Cross-analysis environment contamination¶

The environment caches paths in variables (FLAF_PATH, ANALYSIS_PATH, ANALYSIS_SOFT_PATH, …). Reusing a shell that already set up a different analysis can pick up the wrong flaf_env and produce baffling failures.

Interactive: use a fresh shell per analysis and source env.sh there.
Scripted/background runs: unset the FLAF/analysis variables before sourcing, but keep LD_LIBRARY_PATH, HOME and PATH:

unset FLAF_ENVIRONMENT_PATH ANALYSIS_SOFT_PATH LAW_HOME LAW_CONFIG_FILE \
      ANALYSIS_PATH ANALYSIS_DATA_PATH FLAF_PATH FLAF_CMSSW_BASE \
      FLAF_CMSSW_ARCH FLAF_CMSSW_VERSION FLAF_COMBINE_PATH \
      X509_USER_PROXY VIRTUAL_ENV PYTHONPATH
cd /path/to/<analysis>
source env.sh

ROOT/cling library or JIT errors in a background run¶

You launched the environment under env -i, which strips LD_LIBRARY_PATH (ROOT/cling needs it). Preserve it (and HOME, PATH) when starting a clean shell. See The environment.

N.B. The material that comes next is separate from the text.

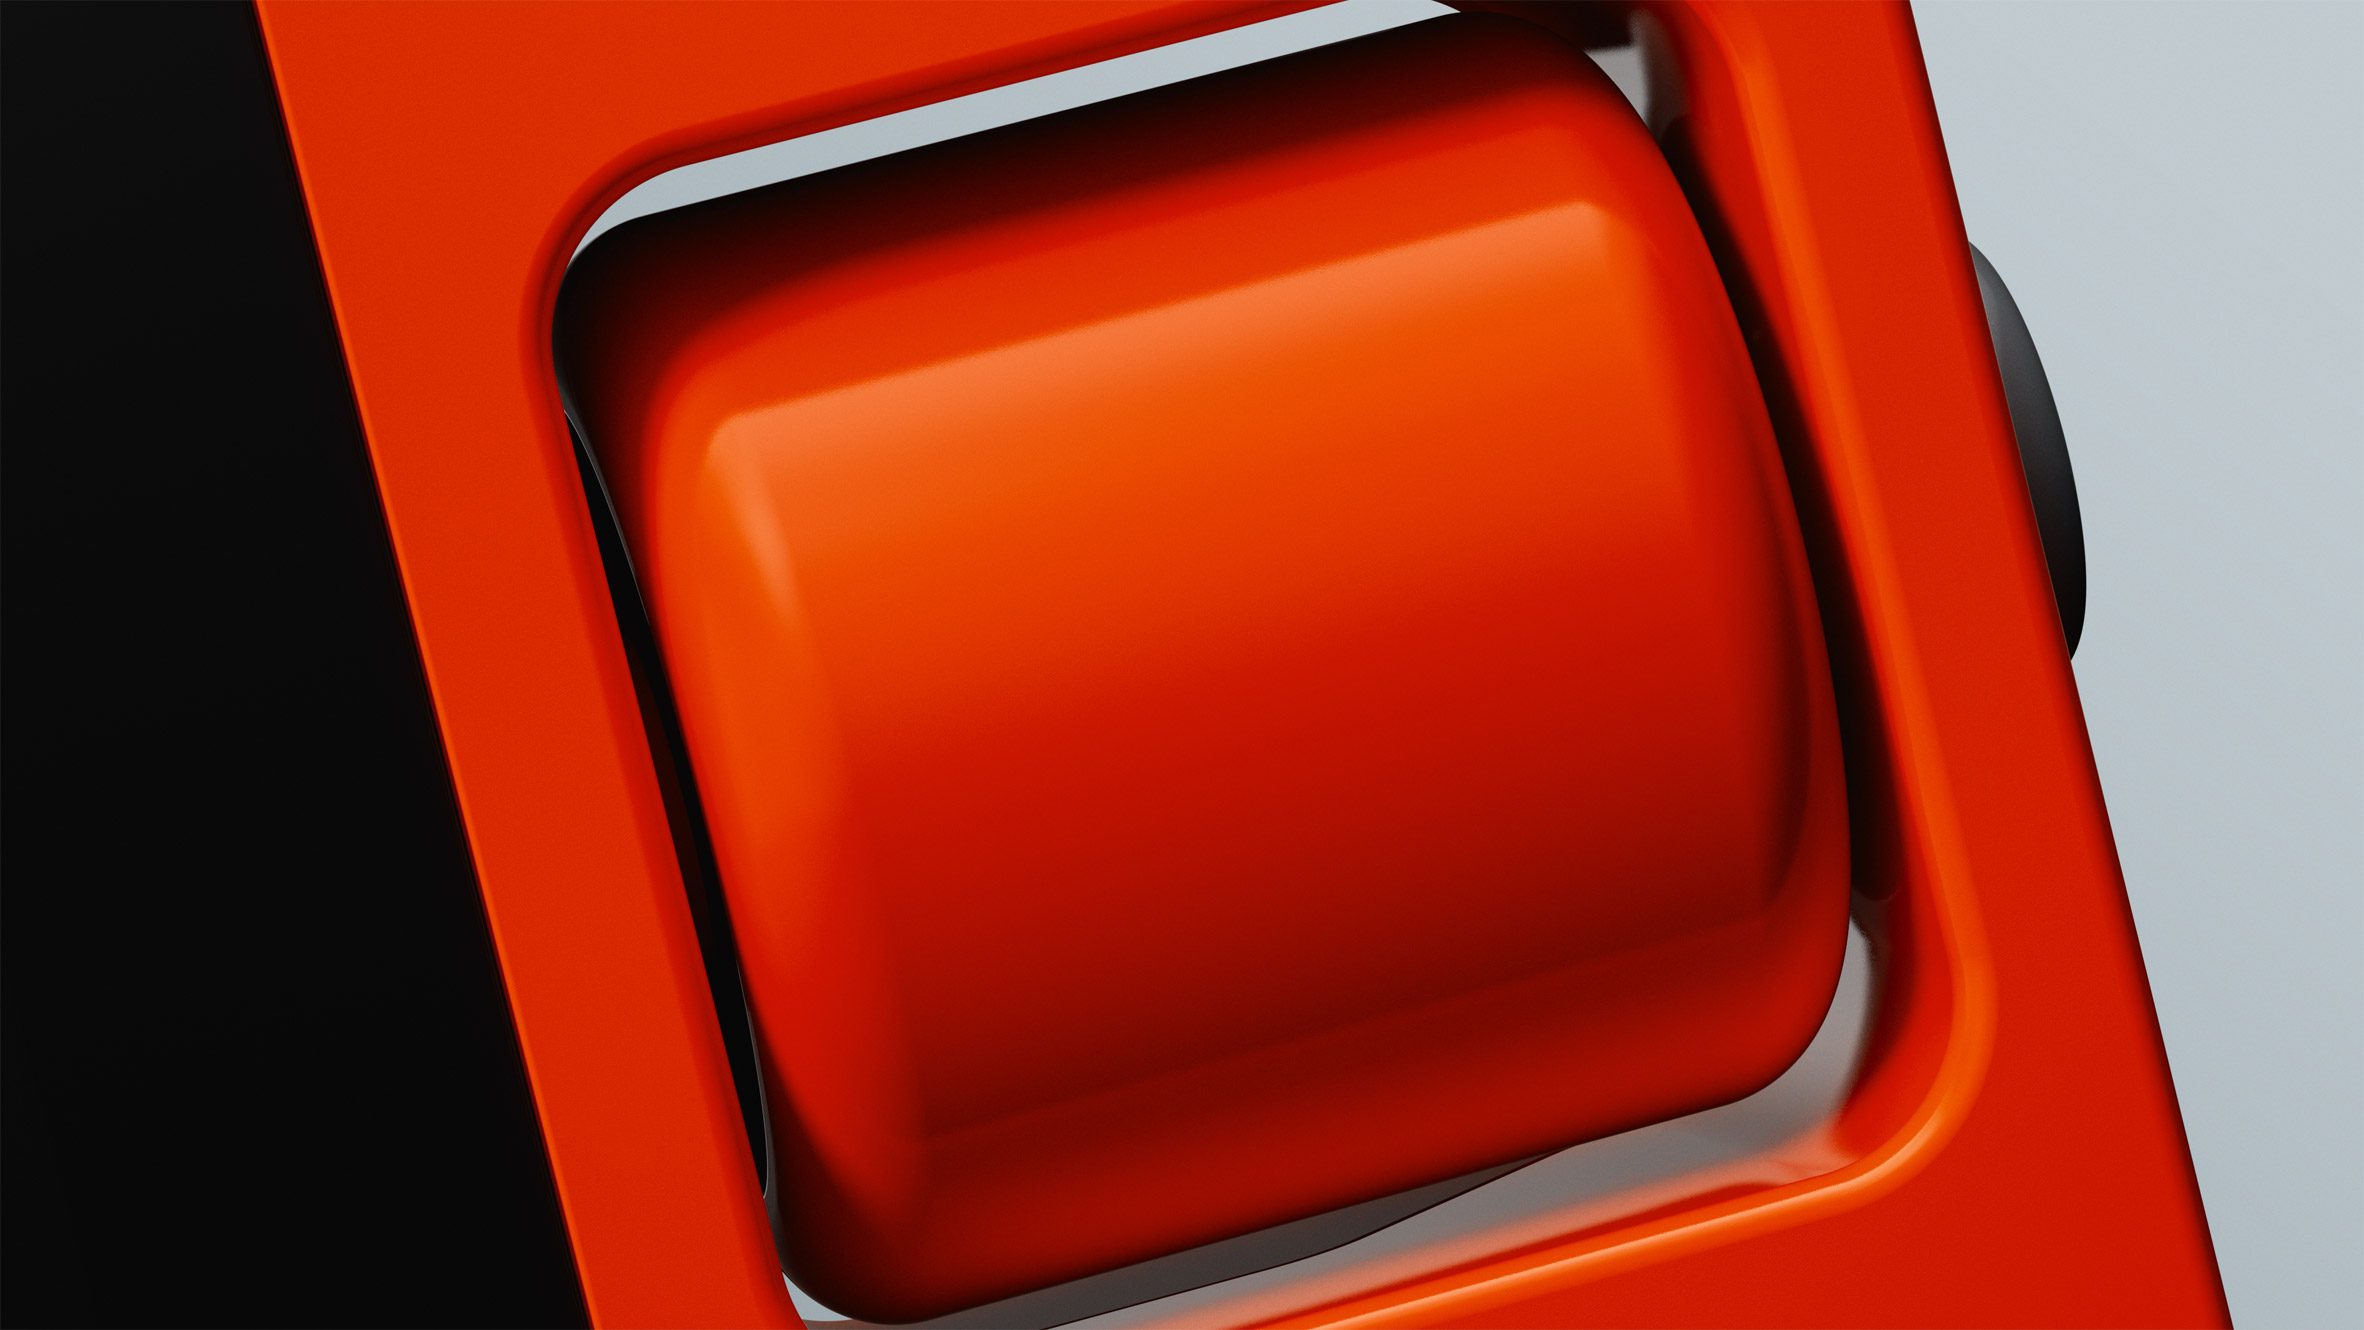 Close-up image of a scroll wheel on a bright orange gadget

`source env.sh` sets the wrong path / fails to locate itself¶

You sourced it via bash -c "source env.sh". That breaks BASH_SOURCE self-detection and sets the wrong ANALYSIS_PATH. Source it directly in your interactive shell, or put your commands in a script file and run that file.

HH→bb̄WW: the run sits in `AnalysisCacheTask` for a long time¶

Expected on a cold cache: AnalysisCacheTask computes the b-tag shape weights and can take roughly an hour per branch. Reuse an existing cache across runs with a per-task version override instead of recomputing it every time.

A backgrounded `law run` won't stop when I kill it¶

Killing the parent leaves child law/job processes alive. Kill by pattern, and remove batch jobs:

pkill -f "version=<your_version>"
condor_rm <cluster>      # if you submitted to HTCondor

My edits to FLAF/Corrections are ignored¶

You edited the submodule copy but the run used a different one — or vice-versa. The run uses FLAF_PATH/CORRECTIONS_PATH; set them to your edited copy before source env.sh. See Developing shared submodules.

The first `source env.sh` takes forever¶

Expected: the first time it builds CMSSW and Combine (tens of minutes, a few GB under soft/). Subsequent sources are quick. Don't interrupt the first build.